Project-URL: Homepage, https://github.com/Shazankk/QueryPanda
Project-URL: Repository, https://github.com/Shazankk/QueryPanda
Classifier: Development Status :: 3 - Alpha
Classifier: Intended Audience :: Developers
Classifier: Natural Language :: English
Classifier: Programming Language :: Python :: 3
Classifier: Programming Language :: Python :: 3.8
Classifier: Programming Language :: Python :: 3.9
Classifier: Programming Language :: Python :: 3.10
Classifier: Programming Language :: Python :: 3.11
Classifier: Programming Language :: Python :: 3.12
Classifier: License :: OSI Approved :: MIT License
Classifier: Operating System :: OS Independent
Requires-Python: >=3.8
Description-Content-Type: text/markdown
License-File: LICENSE
Requires-Dist: pandas>=1.2.0
Requires-Dist: psycopg2-binary>=2.8.6
Requires-Dist: openpyxl>=3.0.5

# Query2Dataframe Project

![Query2DataFrame Logo](<images/logo.webp>)

## Overview

This project provides a toolkit for retrieving, saving, and loading datasets from a PostgreSQL database, aimed at simplifying data handling and preprocessing tasks for data analysis and machine learning projects. It includes functionality to ensure robust data retrieval processes, including handling checkpoints for long-running data retrieval tasks and saving data in various formats.

## Features

- Retrieve data from a PostgreSQL database with customizable query templates.
- Save retrieved data in different formats (CSV, PKL, Excel) with checkpointing to manage long-running tasks.
- Load datasets from saved files into pandas DataFrames, supporting various file formats.
- Modular design for easy integration into data processing pipelines.

## Installation

To use this project, you need to have Python installed on your machine. It is recommended to use Python 3.8 or higher.

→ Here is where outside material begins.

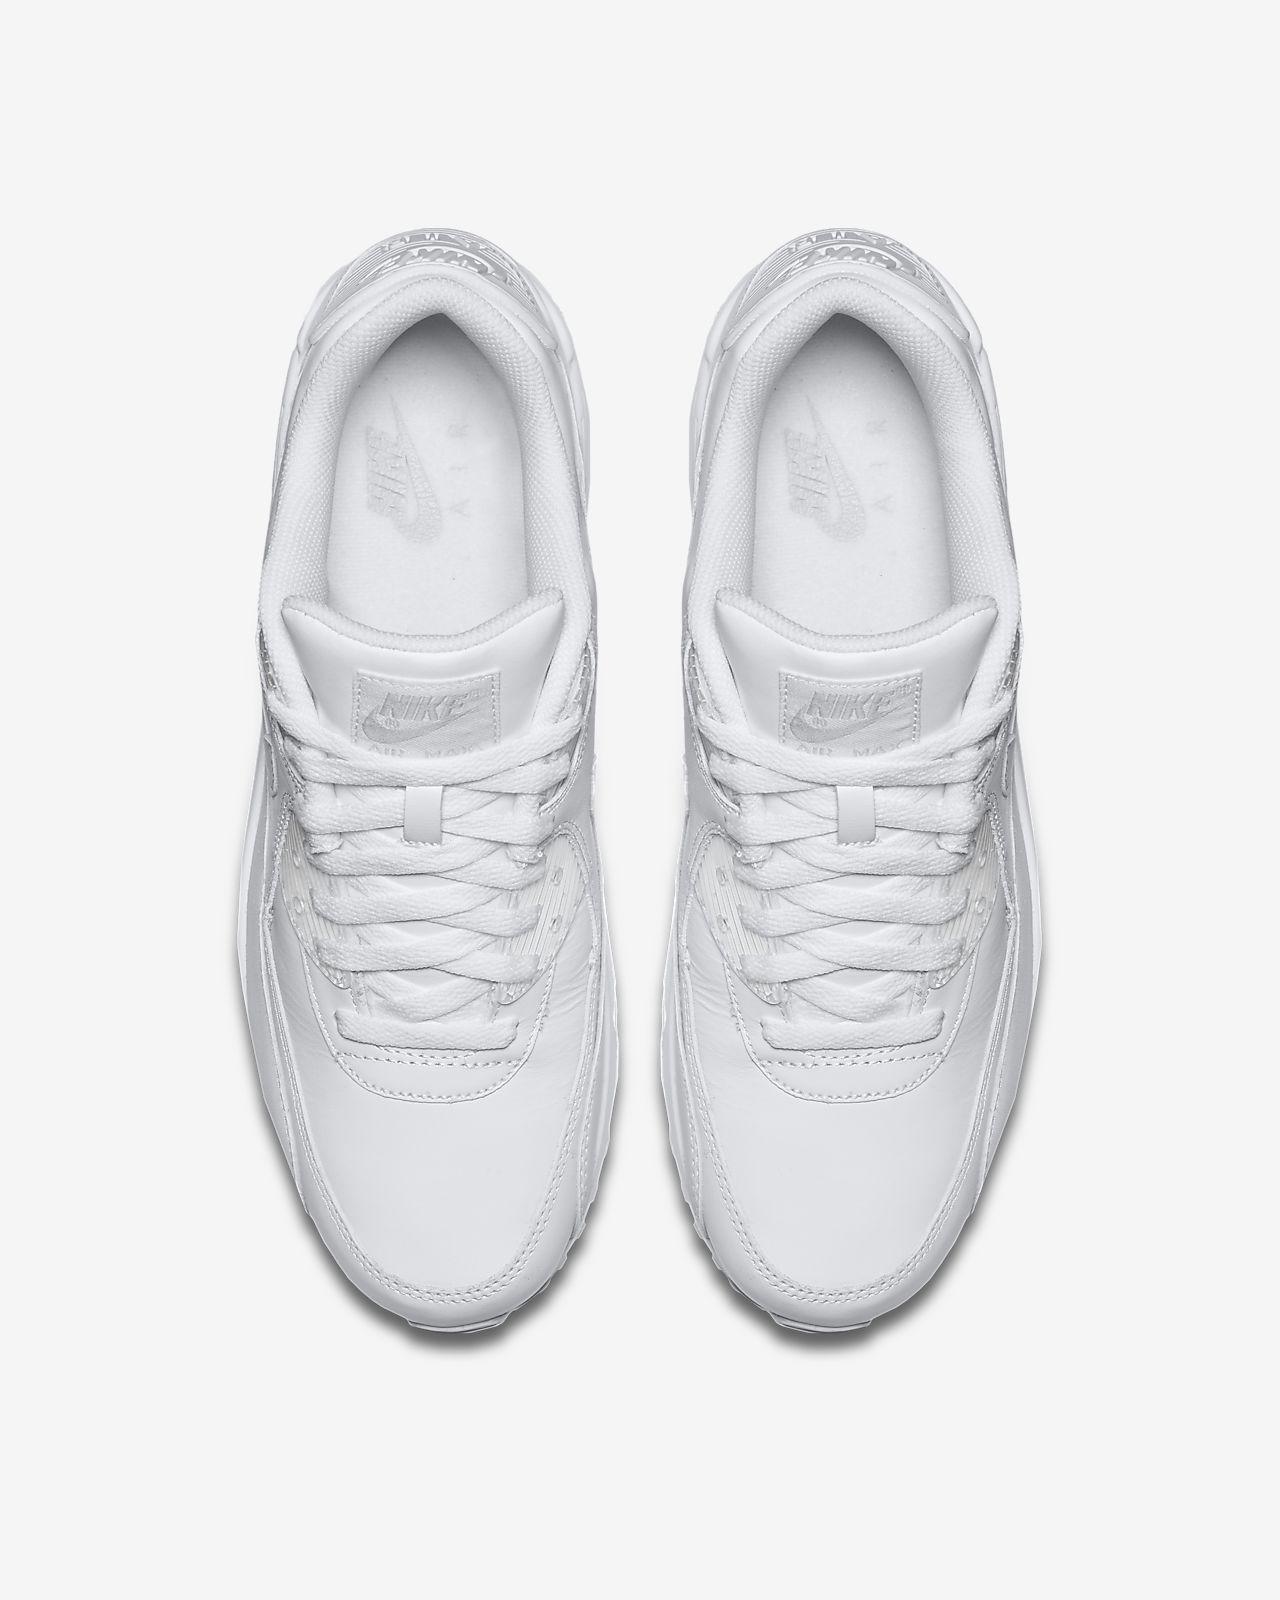 Calzado para hombre Nike Air Max 90 Leather
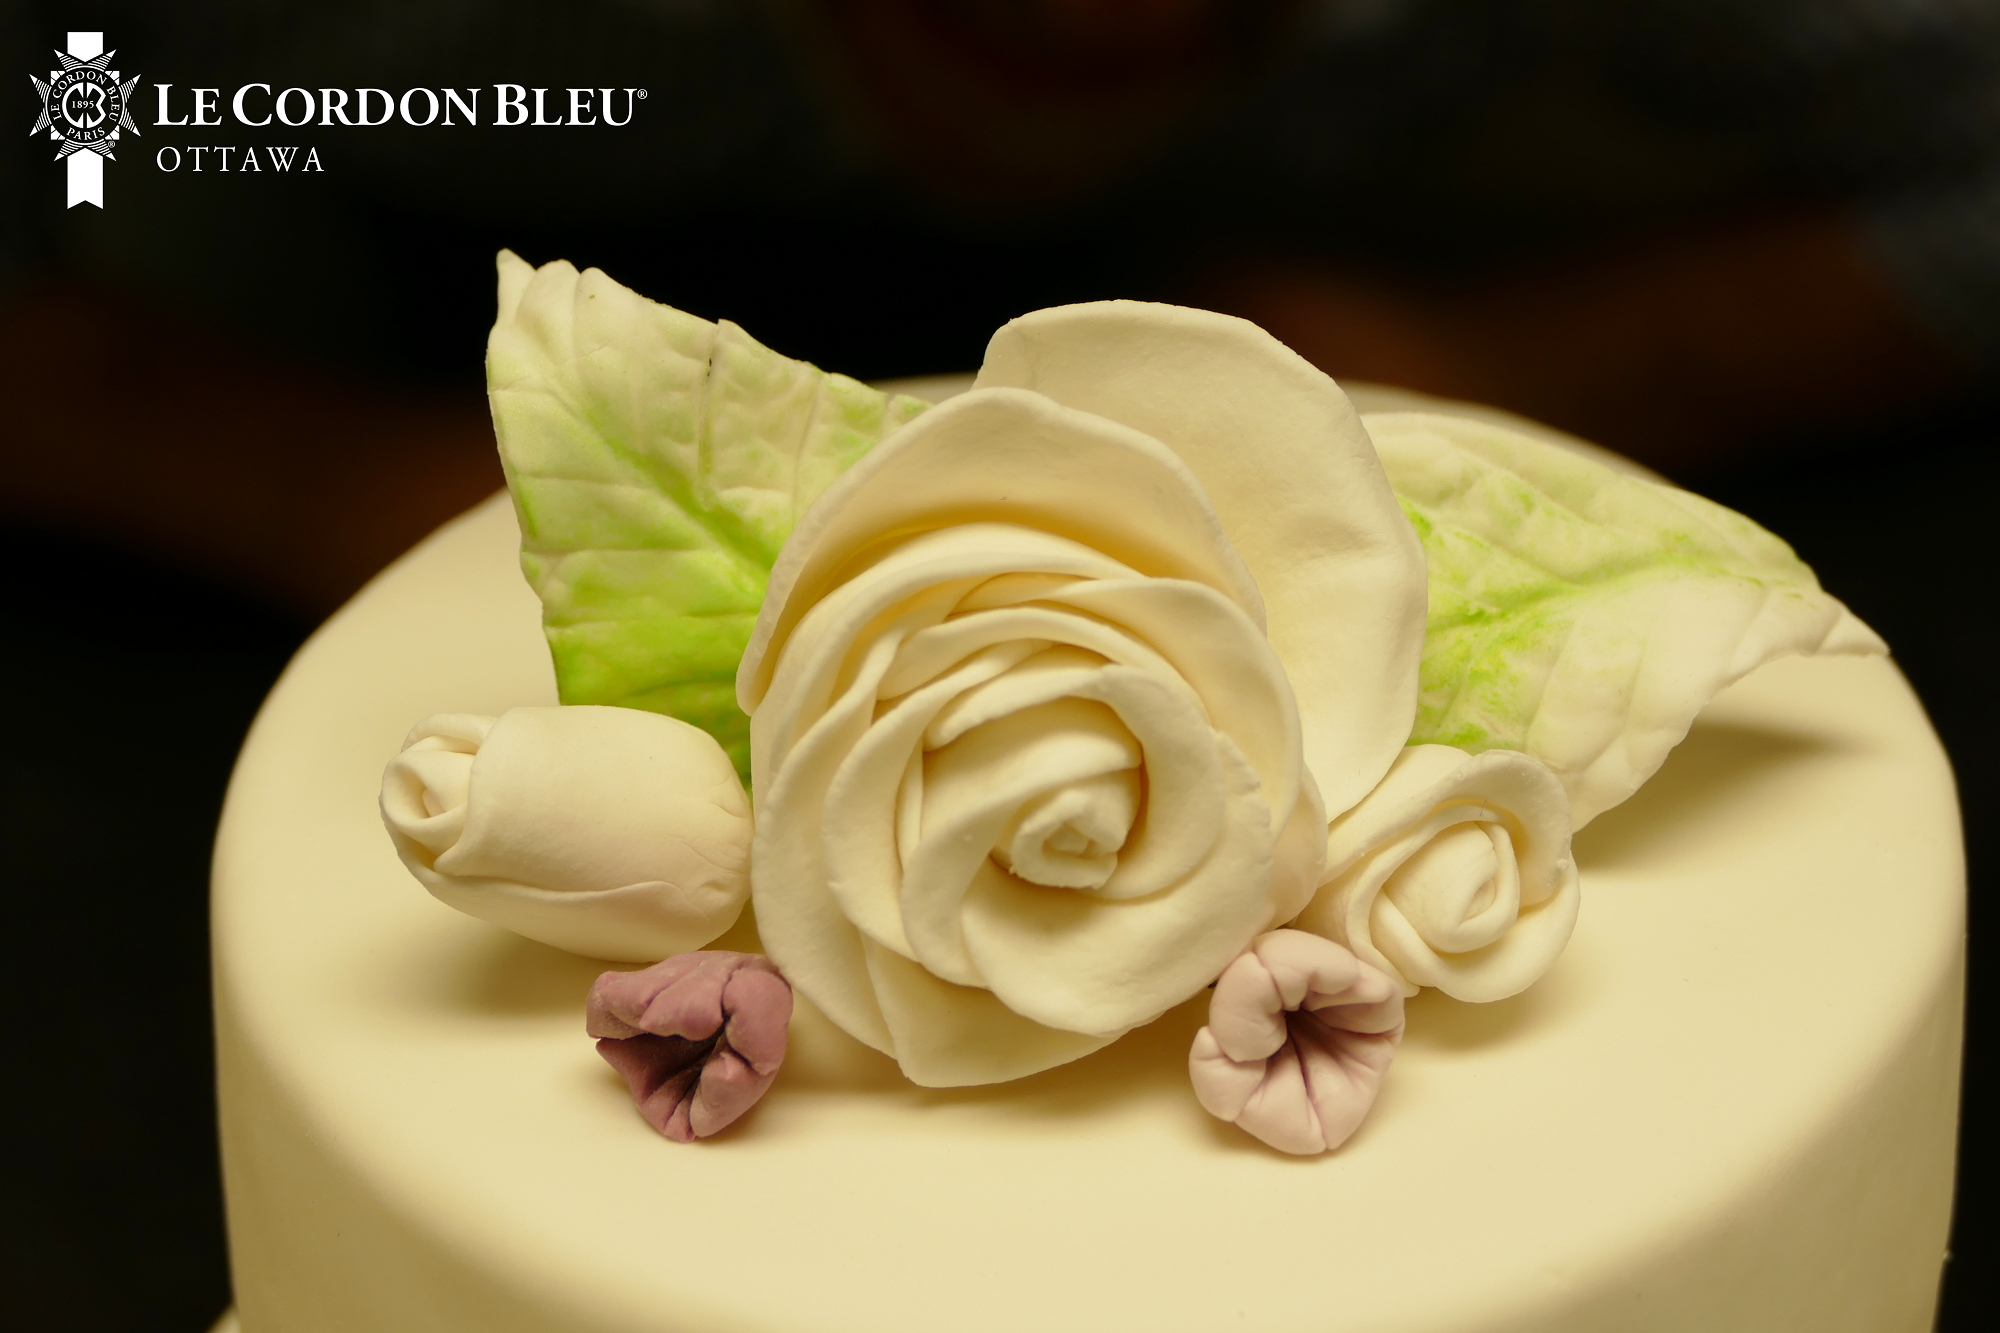 Floral Wedding Cake Decor Student Work Cake Decorating Floral Wedding Cake Confectionary

1. **Clone the repository:**

```   sh
      git clone (https://github.com/Shazankk/Query2DataFrame)
      cd Query2DataFrame
```

Install required libraries:
Ensure you have pip installed and then run:

```   sh
      pip install -r requirements.txt
```

Configure database connection:
Modify the [config.json](config.json) file with your PostgreSQL database connection details:

``` JSON
{
  "database": {
    "user": "your_username",
    "password": "your_password",
    "host": "database_host",
    "database": "your_database",
    "sslmode": "require"
  }
}
```

Update the placeholders with your actual database connection details.

## Usage

### Example Usage Script

See [example_usage.py](example_usage.py) for a detailed example on how to use the toolkit. This script demonstrates:

- Loading database connection configurations from `config.json`.
- Constructing a SQL query with placeholders for date ranges.
- Retrieving and saving datasets for specified time periods.
- Loading datasets from saved files.

### Data Retrieval and Saving

You can customize data retrieval by modifying the SQL query template, specifying start and end times, and choosing your data saving and aggregation preferences.

### Loading Datasets

Use the load_dataset function to load data from saved files into pandas DataFrames. This function supports loading from both individual files and directories containing multiple data files.

## Contributing

Contributions to the project are welcome. Please follow the standard fork and pull request workflow.

## License

This project is open-sourced under the MIT License. See the LICENSE file for more details.